Currently, only below applications are available for reference.

philip.mizuro · February 28, 2022, 1:22pm

At the moment I am approaching this using this python script. But still I get vector of zeros from inference on the tensor trt model.

import time
import itertools
import numpy as np
import pycuda.driver as cuda
import tensorrt as trt


class HostDeviceMem(object):
    def __init__(self, host_mem, device_mem):
        self.host = host_mem
        self.device = device_mem

    def __str__(self):
        return "Host:\n" + str(self.host) + "\nDevice:\n" + str(self.device)

    def __repr__(self):
        return self.__str__()
    
    
class EmotionDetectNet(object):
    def __init__(self, trt_path, batch_size=1):
        self.trt_path = trt_path
        self.batch_size = batch_size

        TRT_LOGGER = trt.Logger(trt.Logger.WARNING)
        trt_runtime = trt.Runtime(TRT_LOGGER)
        self.trt_engine = self._load_engine(trt_runtime, self.trt_path)

        self.inputs, self.outputs, self.bindings, self.stream = \
            self._allocate_buffers()

        self.context = self.trt_engine.create_execution_context()
        self.list_output = None

    def _load_engine(self, trt_runtime, engine_path):
        with open(engine_path, "rb") as f:
            engine_data = f.read()
        engine = trt_runtime.deserialize_cuda_engine(engine_data)
        return engine

    def _allocate_buffers(self):
        inputs = []
        outputs = []
        bindings = []
        stream = cuda.Stream()

        binding_to_type = {
            "input_landmarks:0": np.float32,
            "softmax/Softmax:0": np.float32
        }

        for binding in self.trt_engine:
            print("Binding: {}".format(binding))
            print("Binding shape: {}".format(self.trt_engine.get_binding_shape(binding)))
            size = trt.volume(self.trt_engine.get_binding_shape(binding)) \
                   * self.batch_size * -1
            dtype = binding_to_type[str(binding)]
            host_mem = cuda.pagelocked_empty(size, dtype)
            device_mem = cuda.mem_alloc(host_mem.nbytes)
            bindings.append(int(device_mem))
            if self.trt_engine.binding_is_input(binding):
                inputs.append(HostDeviceMem(host_mem, device_mem))
            else:
                outputs.append(HostDeviceMem(host_mem, device_mem))

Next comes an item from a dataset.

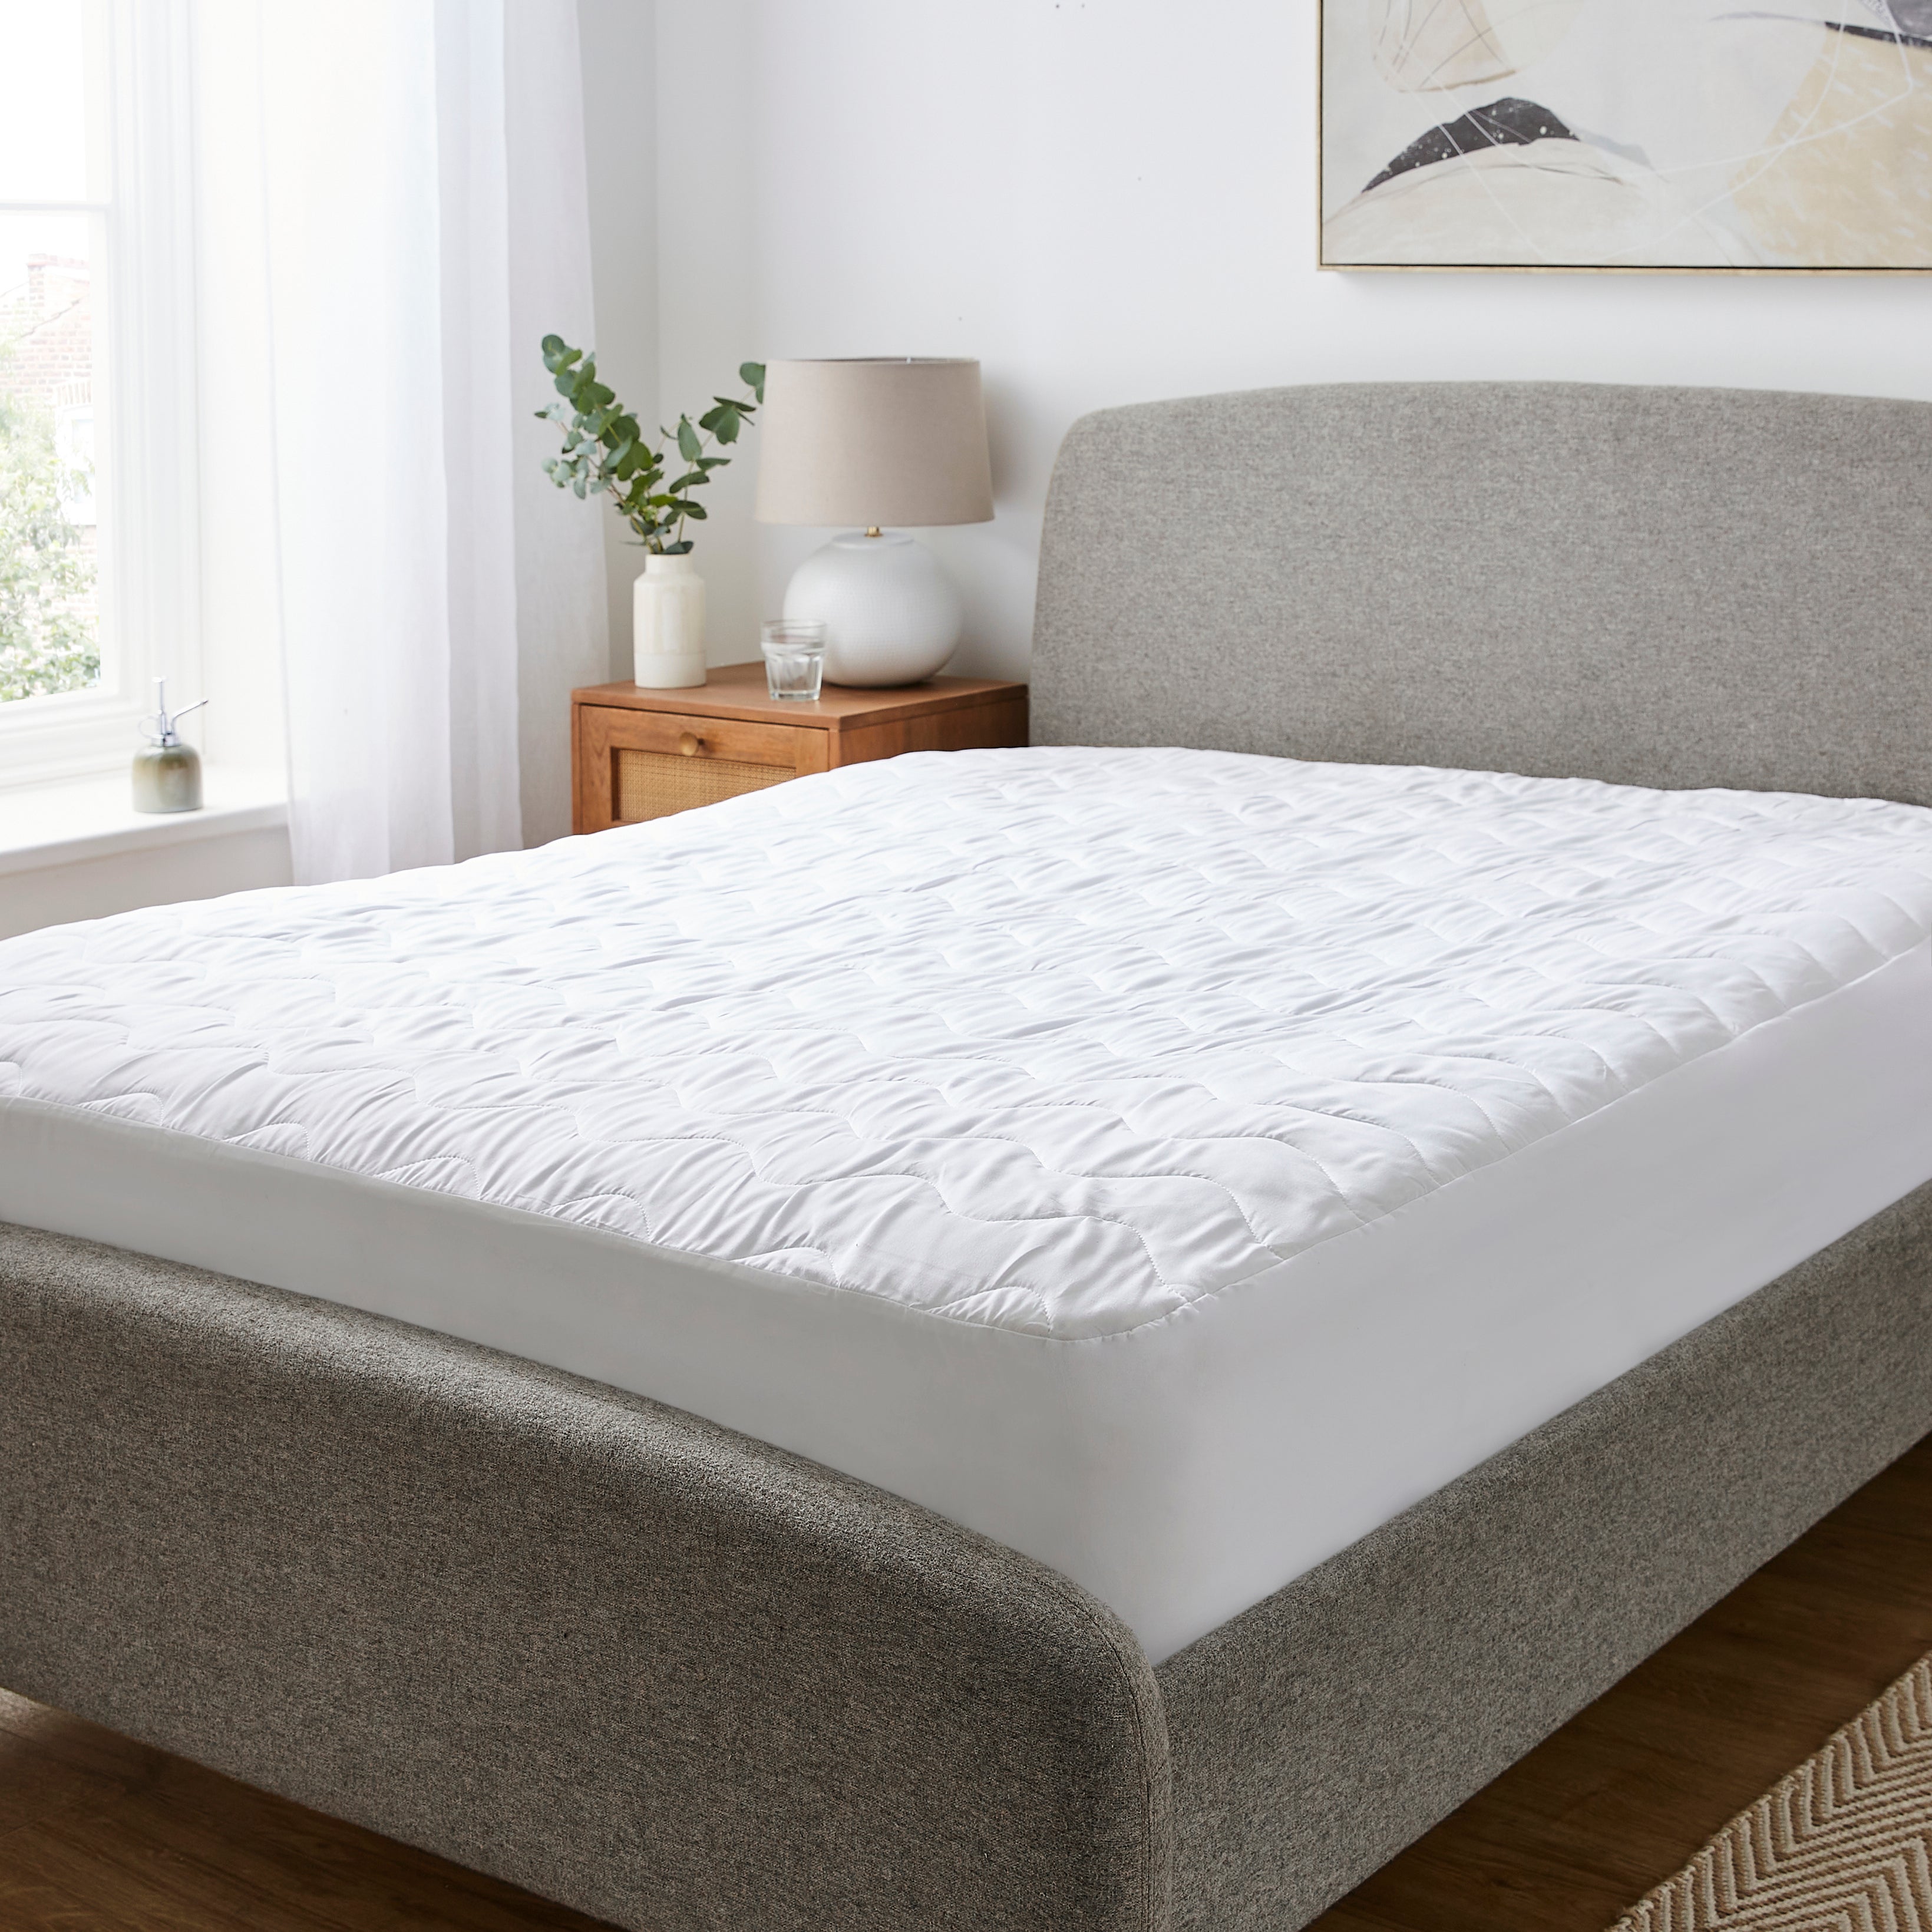 Soft and Snug Anti Allergy Mattress Protector

        return inputs, outputs, bindings, stream

    def _do_inference(self, context, bindings, inputs,
                      outputs, stream):
        [cuda.memcpy_htod_async(inp.device, inp.host, stream) \
         for inp in inputs]
        context.execute_async(
            batch_size=self.batch_size, bindings=bindings,
            stream_handle=stream.handle)

        [cuda.memcpy_dtoh_async(out.host, out.device, stream) \
         for out in outputs]

        stream.synchronize()
        return [out.host for out in outputs]
        

    def predict(self, facial_landmarks):
        # List of landmarks per face
        # Input landmarks are 80 tuple points, points after index 68 are the ones for eye pupil center, and we 
        # need only classical 68 facial landmarks points to estimate emotion
        for landmarks in facial_landmarks:
            
            input_landmarks = np.array(list(itertools.chain(*landmarks)))
            # Take only first 68 tuple points (68,2) into (136,1) vector as input to the emotion model
            input_landmarks = np.array(input_landmarks[0:136])
            # Normalize to {0, 1} range
            input_landmarks = (input_landmarks - np.min(input_landmarks)) / (np.max(input_landmarks) - np.min(input_landmarks))
            
            np.copyto(self.inputs[0].host, input_landmarks.ravel())
            t_time = 0
            for i in range(1):
                t1 = time.perf_counter()
                emotion_class = self._do_inference(
                    self.context, bindings=self.bindings, inputs=self.inputs,
                    outputs=self.outputs, stream=self.stream)
                t2 = time.perf_counter()
                t_time += (t2 - t1)
            print('Emotion detect inferece time:', t_time)
            
            # Remove batch dimension
            emotion_class = emotion_class[0]
            
            # Emotion Class order:
            # 0 - Neutral
            # 1 - Happy
            # 2 - Surprise
            # 3 - Squint
            # 4 - Disgust
            # 5 - Scream
            for e in emotion_class:
                print("Emotion: {}".format(e))
           
        return emotion_class

Morganh · February 28, 2022, 1:29pm

Emotionnet is actually a classification network.
Officially, you can refer to GitHub - NVIDIA-AI-IOT/tao-toolkit-triton-apps: Sample app code for deploying TAO Toolkit trained models to Triton
Or you can also search and find some topics in TAO forum. For example,

Inferring resnet18 classification etlt model with python - #40 by Morganh
Error while running inference, model generated through TLT using Opencv-Python - #3 by Morganh
TAO tensorRT model inferencing using python
…

philip.mizuro · February 28, 2022, 1:40pm

Thank you for providing me with links.

I mean, I have a working example for face detection and facial landmarks, and I understand it is an classification network, but the output should be different than vector of zeros. At the moment I am feeding in values from Facial Landmark model (Facial Landmarks Estimation | NVIDIA NGC) as input to Emotion Detection Model. I have also tried points in original coordinated inside the 80x80 face box and same points scaled to [0, 1] range. It seems that either of this approaches is not giving correct results.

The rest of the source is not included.